When the reaction was complete, the organic solvent from the catholyte was removed using a rotary evaporator to obtain a solid sample. It was then dissolved in NaOH solution, and the pH was adjusted to 2.0 using hydrochloric acid. The precipitate was collected by filtration and then dried in an oven. The final product was detected by HPLC.
Scale-up of electrolysis
During the scale-up of electrolysis, 6 kg of 7K-LCA was dissolved in 280 kg of methanol and 2.7 kg of KBr was dissolved in 24 kg of water; then, the two solutions were mixed and added to a hold-up vessel containing 6.5 kg of DMF, which was used as the catholyte. An equal volume of 5 % H2SO4 was used as the anolyte. A bipolar diaphragm electrolyzer comprised the reaction vessel separated by the HF-101 cation exchange membrane. A high-purity lead plate and titanium-ruthenium mesh were used as the cathode and anode, respectively. The effective overlap area of the electrodes was 70 × 35 cm. The electrolyte was pumped into the electrolyzer with a circulating pump before the reaction started. A continuous current of 20 A was used for electrolysis over 20 h at 55 °C. When the reaction was complete, the organic solvent from the catholyte was removed, and the final product was collected for detection.

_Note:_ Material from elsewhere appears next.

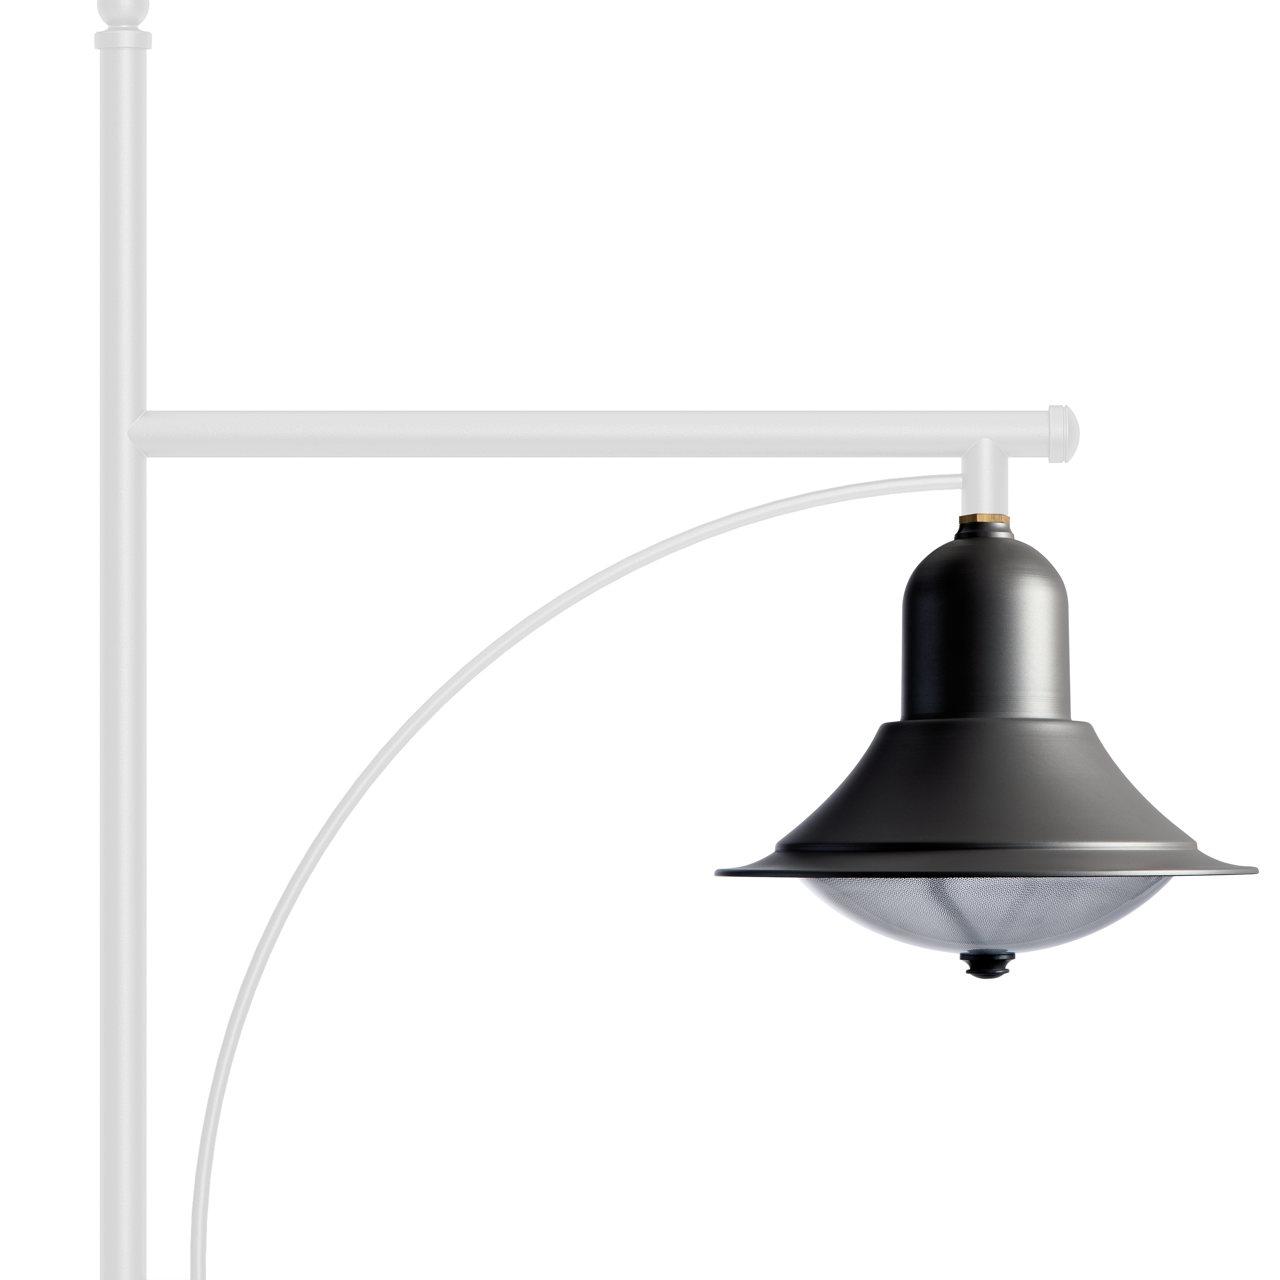 stadtlicht philips urban lighting mit licht die. Black Bedroom Furniture Sets. Home Design Ideas

UDCA was analyzed by reversed phase HPLC, using a C-18 column with Welchrom-C18 5-μm resin in a 4.6 × 150 mm column (Welch Material Inc., Shanghai, China). The HPLC instrument (LC-20A) was from Shimadzu Corporation, Kyoto, Japan, and was used for quantitative analysis of the reaction products at 208 nm. The mobile phase was a mixture of acetonitrile and phosphate acid buffer (pH 3.0) with a volume ratio of 50:50 at a flow rate of 1.0 ml/min at 25 °C. Fifty percent methanol was used to clean the syringe in the SIL-20A autosampler (Shimadzu Corporation, Kyoto, Japan). The conversion of 7K-LCA was calculated as C = M t/M 0 × 100 %, where M t is the amount of 7K-LCA consumed and M 0 is the total amount of 7K-LCA used during the electrolysis. The yield of UDCA was calculated as Y = A r/A t × 100 %, where A r is the actual productivity of UDCA and A t is the theoretical productivity of UDCA. The electrolysis product was purified by silylation crystallization .
Results and discussion
Stereoselective electrochemical reduction is important both in research and applications. In this electrochemical reaction, ursodeoxycholic acid was synthesized by electroreduction of 7-ketolithocholic acid under certain conditions.

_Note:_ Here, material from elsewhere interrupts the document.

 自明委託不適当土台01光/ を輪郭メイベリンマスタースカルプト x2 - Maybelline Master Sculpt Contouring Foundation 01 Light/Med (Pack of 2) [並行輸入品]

During electrolysis, the C-7 carbonyl group of 7K-LCA is converted into a 7β-hydroxy group on the cathode surface. Two side reactions may exist in this system. In the first, the C-7 carbonyl group of 7K-LCA is converted to a 7α-hydroxy group, and chenodeoxycholic acid is generated (Fig. 2). In the second, hydrogen is produced on the cathode surface. However, the added aprotic polar solvent can effectively suppress the generation of chenodeoxycholic acid.
Cyclic voltammograms (CVs) of 7K-LCA using a lead electrode in methanol at different scan rates are shown in Fig. 3. These show that there is only one irreversible peak, located at −1.2 V, in the CVs from the positive to negative scan direction, at a scan rate of 10 mV/s (Fig. 3, curve a). This indicates that only the reduction process is taking place in the electrolysis system. From the results of the electrolysis reaction, this reduction peak may correspond to the reduction of the ketone group (C=O) of 7K-LCA because the main reaction is the conversion of the C-7 carbonyl group of 7K-LCA to a hydroxyl group. When the scan rate increased, the reduction peaks became more positive, with the peak current increasing concomitantly (Fig. 3, curves a–c).
To study the CVs of 7K-LCA in MeOH with 0.08 M KBr, a potential-controlled electrolysis experiment was carried out at −1.2 V, and a current-controlled electrolysis experiment was carried out at 60 mA, because the electrolysis was an irreversible electrochemical reaction.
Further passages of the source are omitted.